If the state offers someone a near-zero-down payment mortgage at a low interest rate (for example, an FHA or VA mortgage), this is the equivalent of offering a gambler in a casino a compelling deal: keep any winnings (if the house rises in value) and the state absorbs any losses that result from the house declining in value (defaults, etc.)
As noted in the series' first two parts, The Source of Systemic Crisis: Risk and Moral Hazard (August 21, 2013) and The Grand Experiment: Offloading Risk onto the State (August 22, 2013), the potential losses from open-ended risk are also open-ended, while the state's ability to borrow money to backstop every loss is intrinsically limited.
In other words, the Big Government Backstops Everything faith is that crises and losses will be intermittent and shallow, and thus well within the government's ability to unleash a cleansing tsunami of borrowed money that will flood the economy with enough cash and credit to wash out any and all losses.
Systemic financial crises can be fixed with More of the Same--just unleash an even larger tsunami of free (borrowed) money to wash away the losses and financial ills.
The problem with this faith is that the open-ended concentration of risk in the state creates open-ended demands for backstops that eventually exceed the state's ability to borrow money. It's absolutely critical to grasp the difference between government borrowing in World War II and government borrowing in the present.
In World War II, the state imposed wage/price controls and forced full employment by the military draft (here's 15.5 million jobs and you're going to take one) and an extraordinary expansion of industrial production of weaponry and war materiel.
This created a vast pool of private savings that could be invested in War Bonds, the Treasury bonds sold to fund the war. This accumulated savings also provided the capital foundation for the postwar expansion of credit and consumer spending.
The present borrowing and spending tsunami is fundamentally different: rather than rely on private savings being invested in Treasury bonds (debt), the central bank (Federal Reserve) creates trillions of dollars which it uses to buy Treasury bonds and home mortgages:
$2.6 trillion created and counting:
Meanwhile, Federal debt has exploded as borrowing a tsunami of money has turned from "getting through a rough patch" to chronic massive deficit spending:
Note the structural gap between Federal receipts and spending:
Another critical difference between the World War II tsunami of state money and the present is that the money created by the Fed isn't going into the real economy, it's feeding speculative asset bubbles. Note the near-perfect correlation of the S&P 500 stock market index and the Fed's balance sheet/creation of money:
In other words, the state/central bank backstopping of systemic risk now focuses on creating phantom wealth via speculative bubbles rather than forcing full employment. Rather than "draft" 15 million unemployed into a low-paying civilian equivalent of the World War II military machine, the state/central bank has endeavored to inflate asset bubbles that are supposed to create a "wealth effect" that will magically persuade households and enterprises to go out and borrow and spend.

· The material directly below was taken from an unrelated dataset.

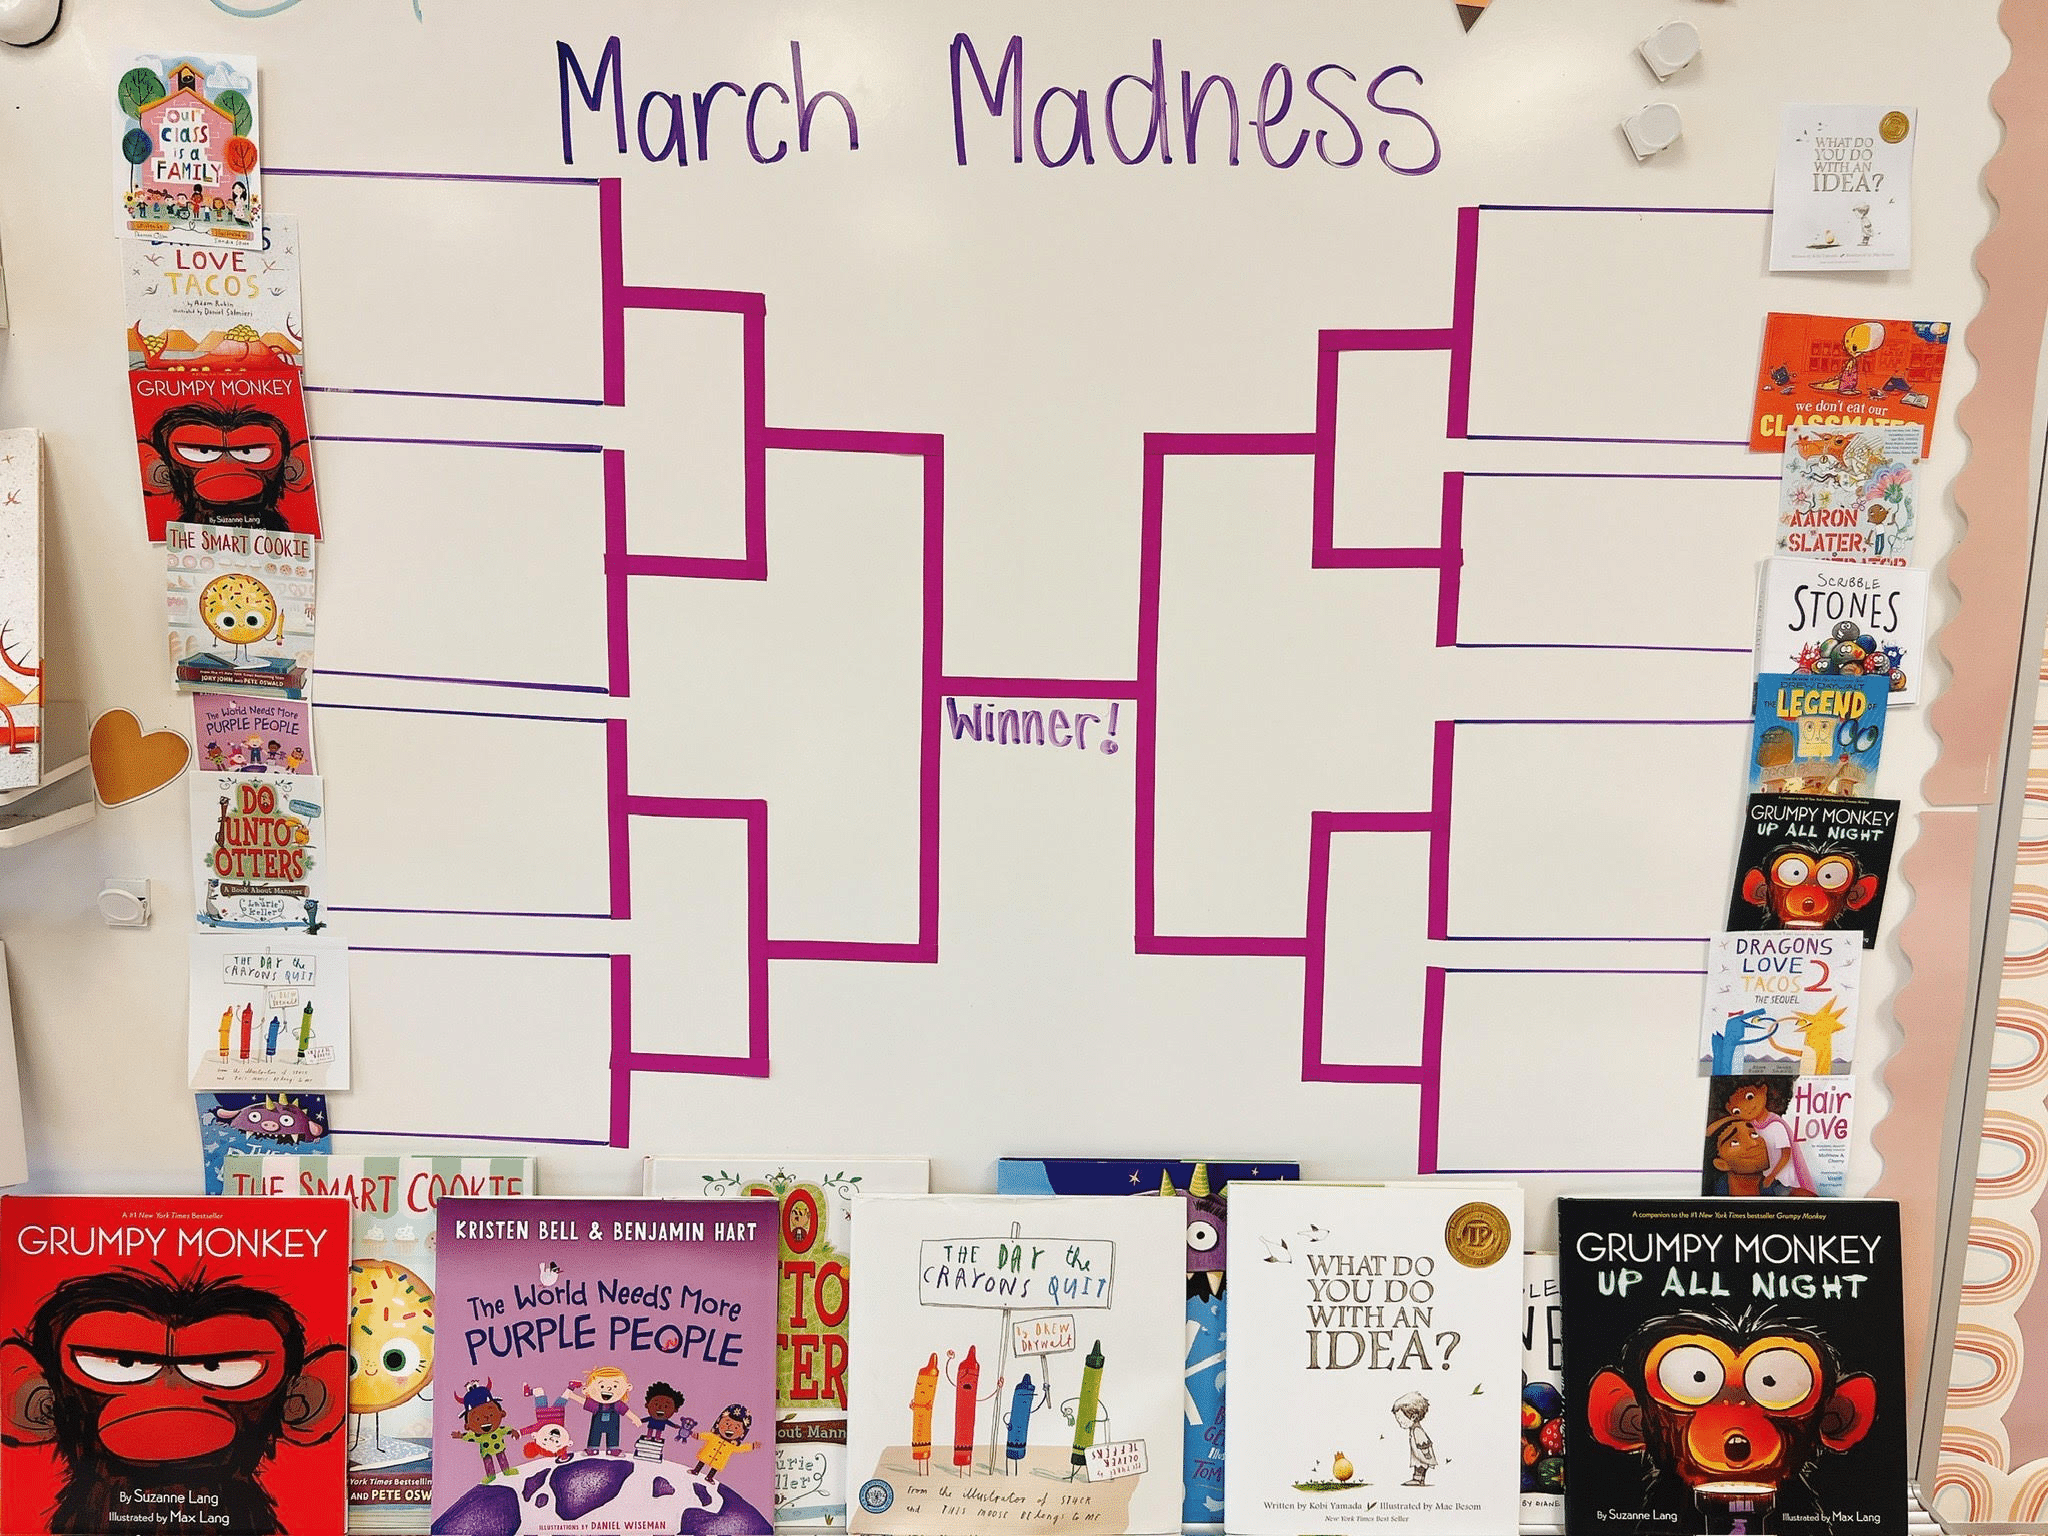 March Madness has arrived at Protsman! Ms. Mikrut’s class is doing a March Madness Book Tournament! They are reading a book a day and then vote on which book the class likes the best! They are down to the Elite 8!

What are the consequences of a central bank creating trillions of dollars for speculation and a central state borrowing trillions of dollars on a permanent basis? As noted before, risk cannot be extinguished, it can only be offloaded onto someone else or masked for a short time.
The consequences of this sleight-of-hand (the Fed creates money to buy Federal bonds so the government can borrow and blow trillions of dollars) are not yet visible, but there will be consequences at some point; the risks have only been temporarily cloaked.
Federal debt has risen $7.1 trillion since the current systemic financial crisis began in August, 2008, from $9.6 trillion to $16.7 trillion. (You can see for yourself on Treasury Direct). That is an astonishingly large increase. Add in the nearly $3 trillion created and injected into the financial sector by the Fed and the total money-tsunami unleashed to "fix" this systemic financial crisis is close to $10 trillion.
This unprecedented tsunami of money has failed to fix the crisis. Instead, it has created a vast and as-yet invisible risk of collapse of the state/central bank system itself. By concentrating systemic risk into the state, we have not extinguished risk; we have only pooled it into a reservoir dammed by one barrier: the state's ability to borrow and spend virtually unlimited amounts of money.
As I have described in Why Isn't There a Demonstrably Correct Economic Theory? (August 16, 2013), creating money and credit simply creates more claims on existing real-world resources--it doesn't create new wealth or resources. When those claims vastly exceed the underlying wealth/resources, the system of credit and currency claims will implode.
Borrowing and printing $10 trillion hasn't fixed anything; it has only raised the reservoir of risk to the top of the dam. Cracks are opening as the pressure builds, and we should not be surprised when risk and consequence reconnect and the dam gives way.